Arctic & Canadiana from Patrick McGahern Books

- by Michael Stillman

Arctic & Canadiana from Patrick McGahern Books

Patrick McGahern Books of Ottawa has issued a catalogue of the Arctic & Canadiana. Some of these works actually sneak below the Canadian border, but they pertain to places where winter is at least cold if not brutal. For Americans, it may seem odd to see a different take on our battles against the British before we learned to bury the hatchet once and for all in the mid-19th century, but Canada made the split more slowly. Here are a few of the items Patrick McGahern Books is offering pertaining to northern lands.

 

We begin with Life With The Esquimaux. A Narrative of Arctic Experience in Search of Survivors of Sir John Franklin's Expedition. This is a copy of the 1865 “popular edition.” Hall, a self-made explorer, set out in 1860 in hopes of finding survivors of the Franklin Expedition, which disappeared 15 years earlier.

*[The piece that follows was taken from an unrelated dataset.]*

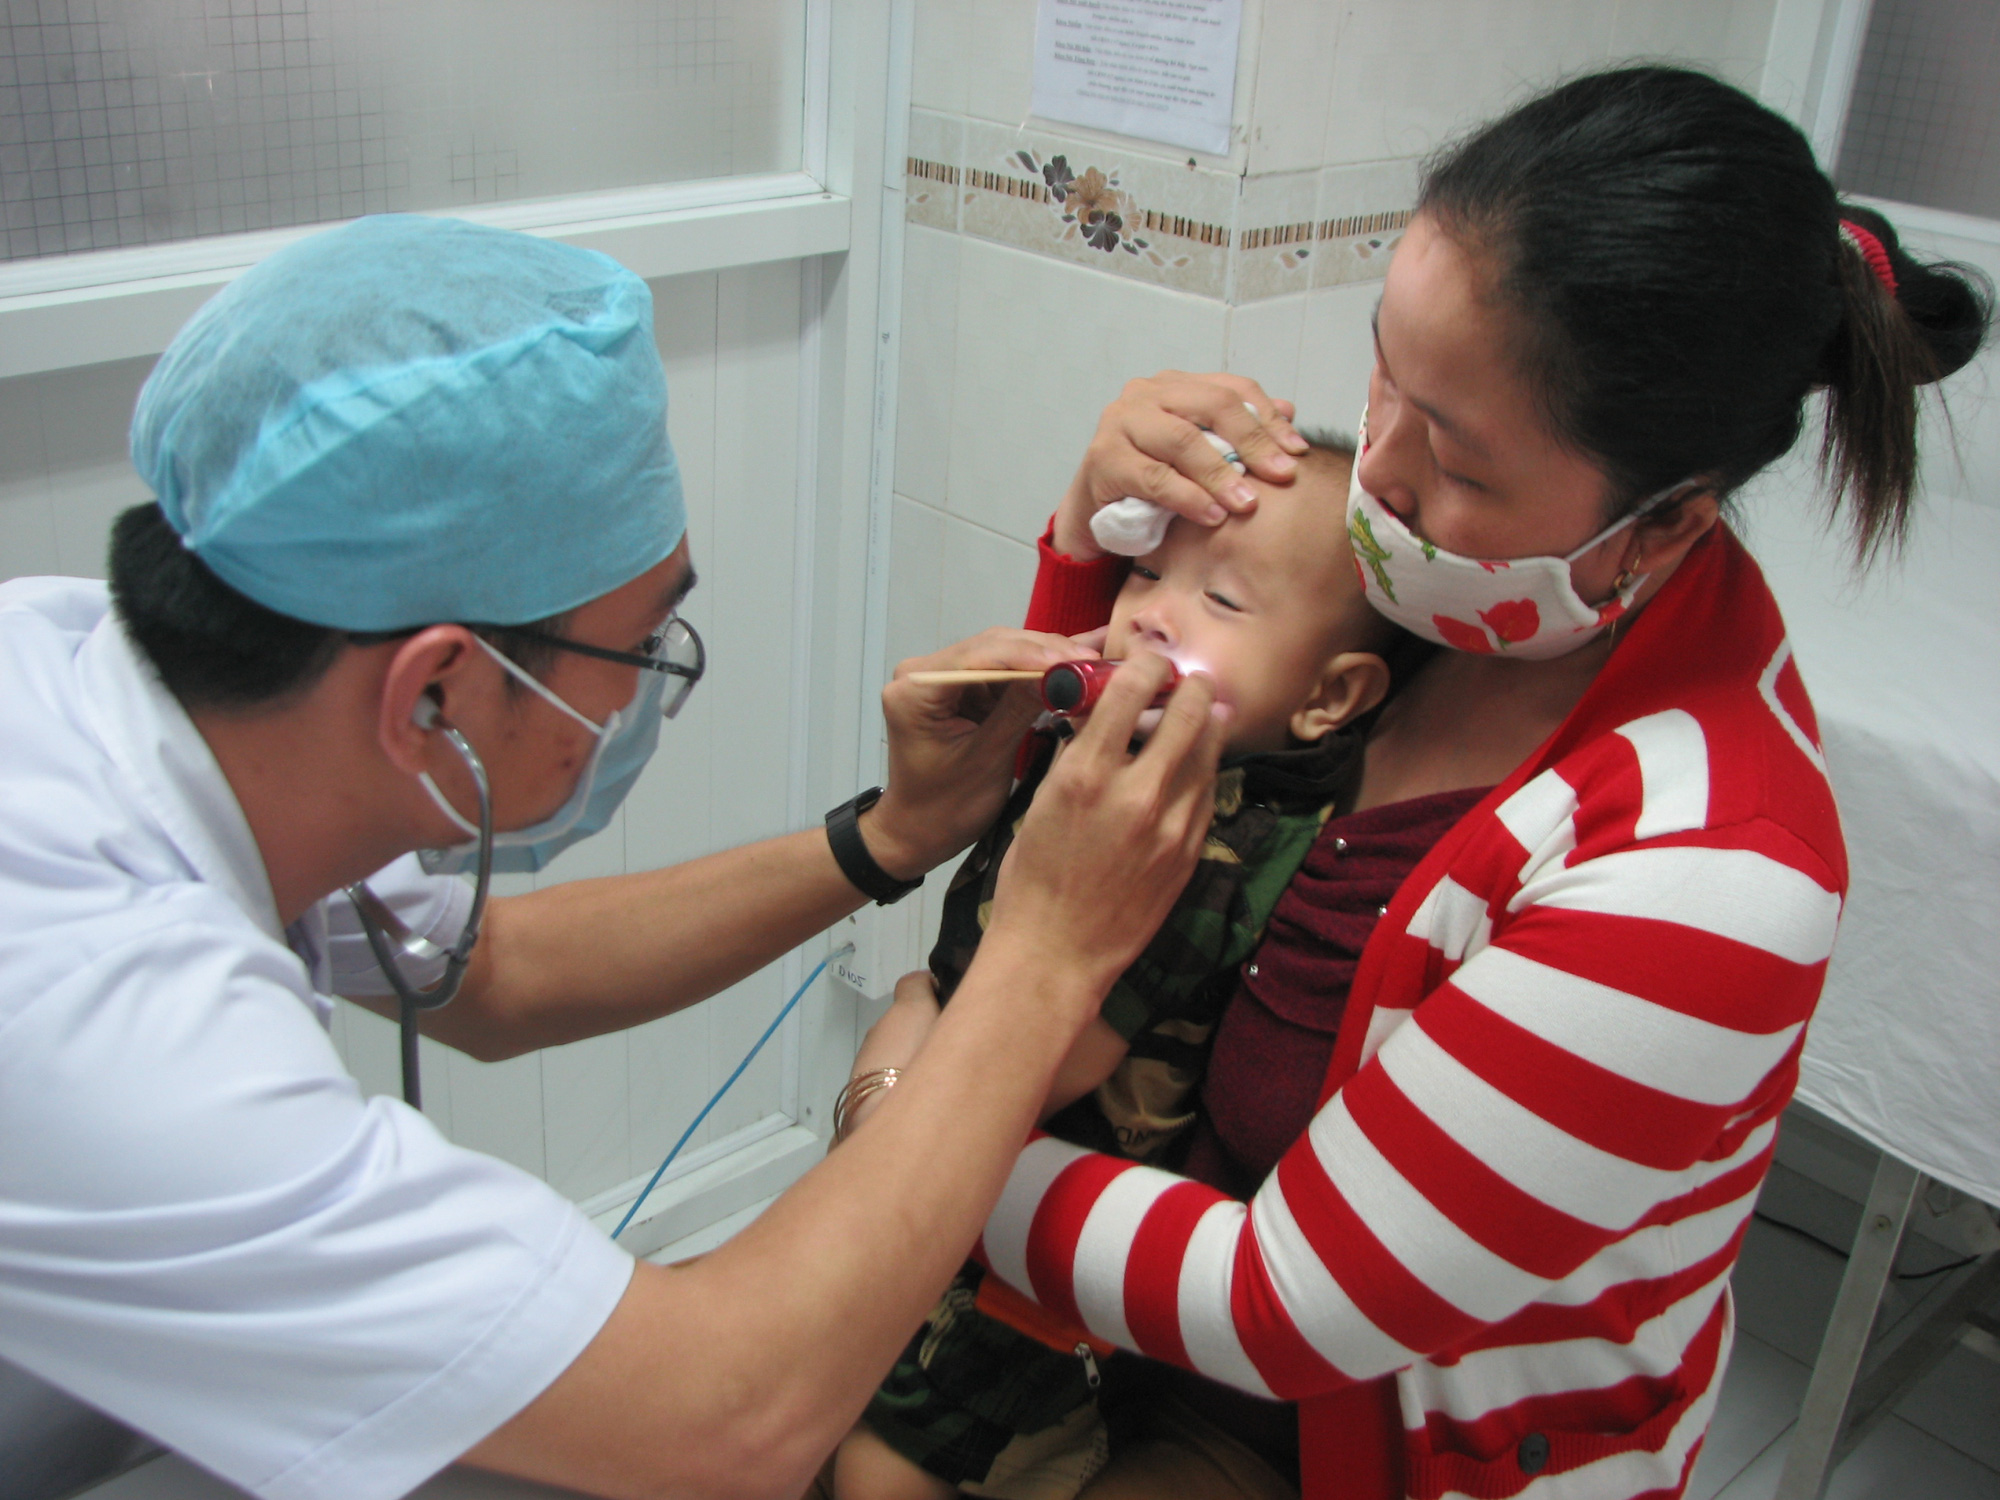 Parents warned as HFMD cases in Vietnam’s Mekong Delta region on the rise

By 1860, based on reports from natives and artifacts found, most everyone had concluded there were no survivors of the earlier expedition, but Hall remained optimistic and persistent. He criticized the English government for giving up when, he believed, evidence pointed to there being survivors. Naturally, he did not find any survivors, there being none, and on his second expedition later that decade he finally came to that realization. Unlike Franklin, Hall communicated frequently with the natives and in so doing learned much about their lives and environment. His book focuses on natives around Baffin Island and Frobisher Bay where he searched for Franklin. Item 11. Priced at CAN $250 (Canadian dollars, or approximately $205 U.S. dollars).

 

Next we go south of the border to an account of a war that drove settlers from Yonkers, New York, and other areas in the mid-17th century. The pamphlet is entitled Indian Wars and the Uprising of 1655 – Yonkers Depopulated, a paper by T. Astley Atkins read to the Yonkers Historical Society in 1892. Today, Yonkers is a suburb just north of New York City, but in 1655, it was a rural area indefensible by the Dutch from what was then New Amsterdam when a large number of Indians attacked. It was known as the Peach War for an Indian girl killed by Dutch settlers for stealing a peach, though the cause was likely more complicated, emanating from rivalries between the competitive European colonial powers and various Indian tribes with different loyalties. It would take awhile for the Dutch to reestablish their position, and ultimately it would be for naught, as while they survived the attacks of the Susquehannock Indians, they would succumb to the greater power of the British a decade later. Item 25. CAN $85 (US $70).

 

Those who love to hear debates would have enjoyed this one from long ago: The Burgess-Underwood Debate, commencing June 29, 1876, at Aylmer, Ontario, and continuing four days, between Prof. O. A. Burgess, and B. F. Underwood. These two had little in common except the ability to talk for days. O. A. Burgess was the President of Northwestern Christian University in Indianapolis, a proponent of that old time religion. Benjamin Franklin Underwood was a free thinker from New York, what they themselves jokingly referred to as “infidels,” a believer in Darwin's theory of evolution and the preeminence of the scientific method. The local newspaper referred to Burgess as “an eloquent speaker” whose words “cannot fail to find a responsive echo in the heart of every Christian.” However, it also gave Underwood his due, noting that he made an impact on thinkers with his “facts, authorities and theories,” and that he was “not inferior to Burgess as an orator.” Item 77. CAN $100 (US $82).

 

Most Canadians undoubtedly know the man who first crossed the nation, Alexander Mackenzie, in 1793. Who was the first to cross the land by automobile? His name is likely unfamiliar. It was T. W. (Thomas William) Wilby. He wasn't even Canadian. He was an American automobile adventurer who decided to make the journey just a century ago. By that time America had its Lincoln Highway, a rutty, dirt road that at least provided a route from the middle of the country to the Pacific. Canada lacked such a road. It all ended at Lake Superior. From there, Wilby, who started in Halifax, had to find local roads and trails to follow. As if that weren't bad enough, the Canadian Rockies formed what many thought would be an impenetrable barrier. Nonetheless, Wilby, with the assistance of locals along the trip, was always able to find a way. Sometimes, they would lead him, other times someone would ride along in his car to show him the way. Somehow, in the span of less than two months, Wilby reached his destination of Victoria. Item 143 is his account: A Motor Tour Through Canada, published in 1914. CAN $75 (US $62).

 

Wilby undoubtedly could have used this guide, but it wasn't published until 1934: Socony-Vacuum Company Trouble Shooting. Motor Car Troubles...and Cures. Socony, Standard Oil of New York, was one of the many corporations created from the break up of John D. Rockefeller's Standard Oil. Vacuum Oil had been purchased by Rockefeller, but was spun back off after the break-up as well. Socony's first President is well-known to book collectors. It was Henry Folger, the great Shakespeare collector and founder of the Folger Shakespeare Library, possessor of the greatest number of First Folios. In 1931, Socony and Vacuum merged, and later adopted the more consumer friendly name Mobil. The guide promotes the quality of Socony's service, a reminder of the days when gas stations were also known as service stations, rather than convenience stores. Item 26. CAN $40 (US $33).